Jack Lohrke was an infielder, principally a third baseman, 14 years (1942-1959); seven in the Majors (1947-1953) and nine in the minors (1942;1946;1948;1953-1957;1959); losing three years to the Military and one year to inactivity. Lohrke was born on Monday, 25 February 1924, in Los Angeles, CA.

He graduated from South Gate High School and broke into OB in 1942 at age 18 with Twin Falls in the Pioneer League. He played for Twin Falls and the San Diego Padres in 1942 and was then drafted into the U.S. Army.

He saw combat in Europe, fought in the Battle of the Bulge, the worst battle in U.S. History, from December 16, 1944 to January 25, 1945 and survived two battle experiences in which comrades on either side of him were killed. En route from Camp Kilmer in New Jersey to California where he was to receive his discharge, he was bumped from the military transport by a colonel. The plane went down with no survivors. The plane from which Lohrke got bumped left New Jersey and landed in Kansas City, KS without incident. After refueling in Kansas City, the Los Angeles-bound plane crashed seconds after takeoff, and all 20 on board, most of them soldiers, perished (WWW).

Discharged in 1946, he returned to San Diego but was optioned to the Spokane Indians of the Western International League.
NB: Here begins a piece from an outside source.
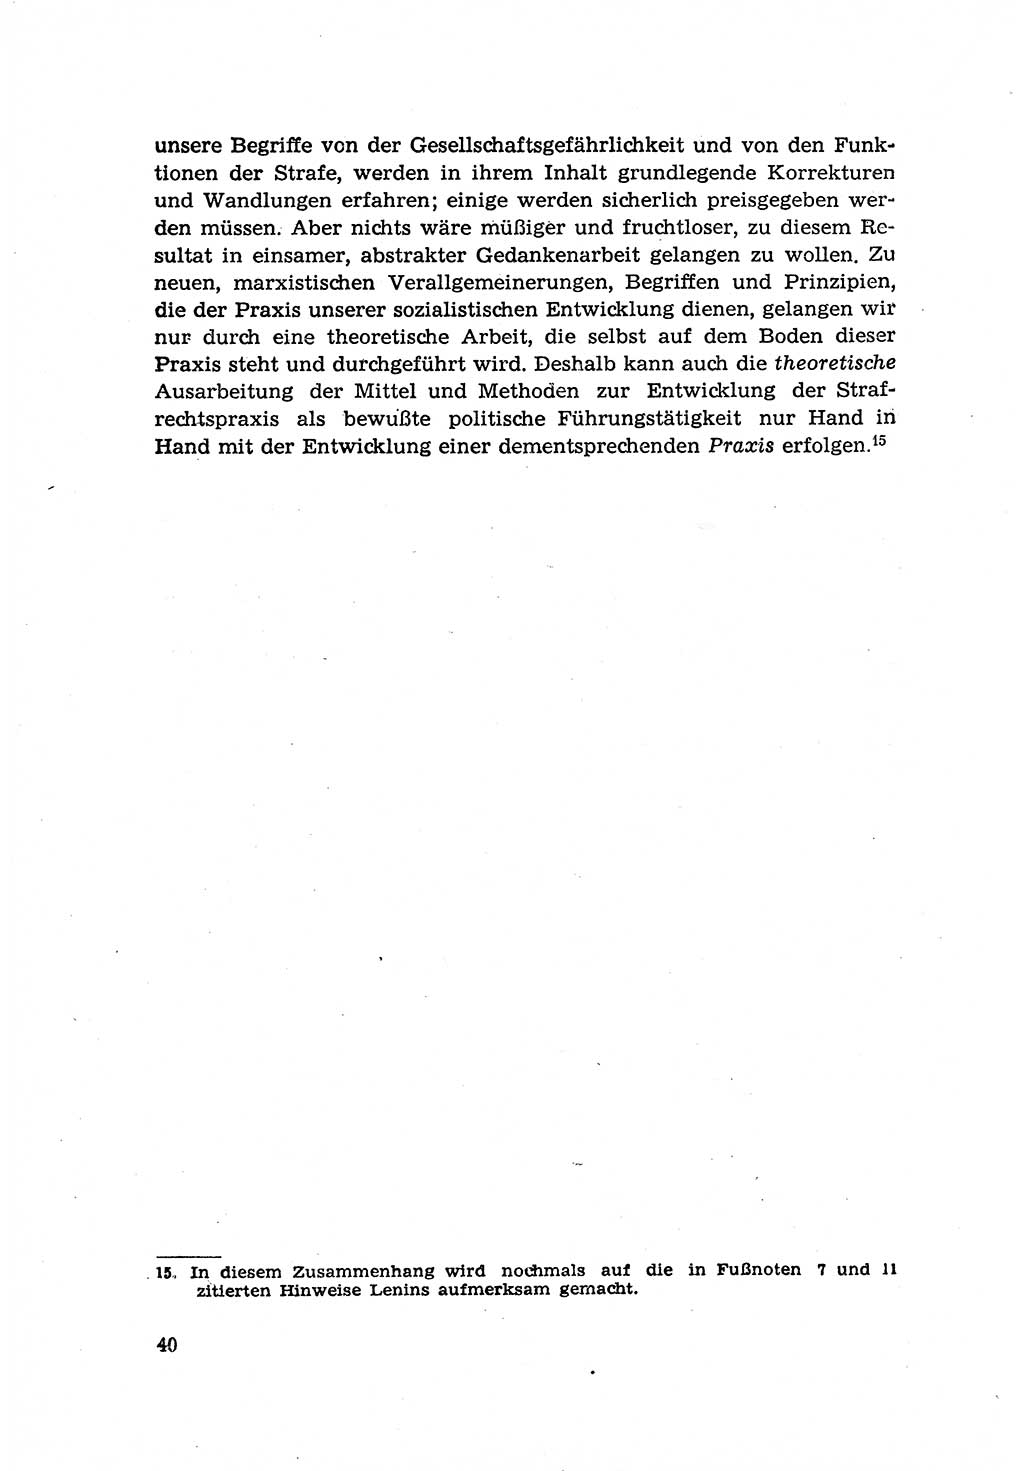 Zur Entwicklung des sozialistischen Strafrechts der Deutschen Demokratischen Republik (DDR) 1960, Seite 40 (Entw. soz. Strafr. DDR 1960, S. 40)

He played for Spokane until 24 June 1946, when, traveling at dusk in a drizzling rain, the Spokane Team Bus driver en route from Spokane, WA to Bremerton, WA veered the bus on a narrow road in the Cascade mountains to avoid an oncoming auto and the bus broke through the cable-guard railing and caught fire as it hurtled 350 feet down the steep, rocky mountainside some 60 miles east of Seattle, WA. Eight players were instantly killed and a ninth died a few days later. Lohrke learned when the bus stopped to feed the players in Ellensburg, WA that he had just been called up to San Diego and had gotten off the bus to hitchhike back to Spokane to catch a plane to San Diego when he was notified. One survivor was Ben Geraghty. Chris Hartje was among those who were killed. The crash occurred 15 minutes after Lohrke left the team. His trip from Spokane to San Diego was complicated by the sad task of having to accompany the young widows of two of his fallen friends to their respective homes. A little shell shocked, he made it to San Diego and finished the 1946 season there.

On August 15, 1946 he was purchased by the Boston Braves from San Diego but that purchase was voided on November 1 and he was drafted by the New York Giants from San Diego in the 1946 rule V draft on November 3.

Lohrke was 23 years old when he broke into the big leagues on 18 April 1947 with the New York Giants. He married Mary Josephine Sunseri on 10 December 1948. He played for the Giants (1947-1951), farmed out to the Jersey City Giants of the International League (IL) in 1949, and was traded to the Philadelphia Phillies (1952-1953), where he played his final MLB game on 10 June 1953 at age 29.

Lohrke gained the nickname "Lucky" for reasons that should now be obvious, and went on to become the Giants regular third baseman in 1947 and a utility man thereafter. (JK)

On August 31, 1947, despite a 10–4 loss to the first-place Brooklyn Dodgers, Lohrke homers to set a season record for home runs by a club. The Giants have now hit 183 home runs, topping the 182 hit by the 1936 New York Yankees. They will end the season with 221 round trippers.

He played in the 1951 World Series for the Giants but was hitless in two appearances.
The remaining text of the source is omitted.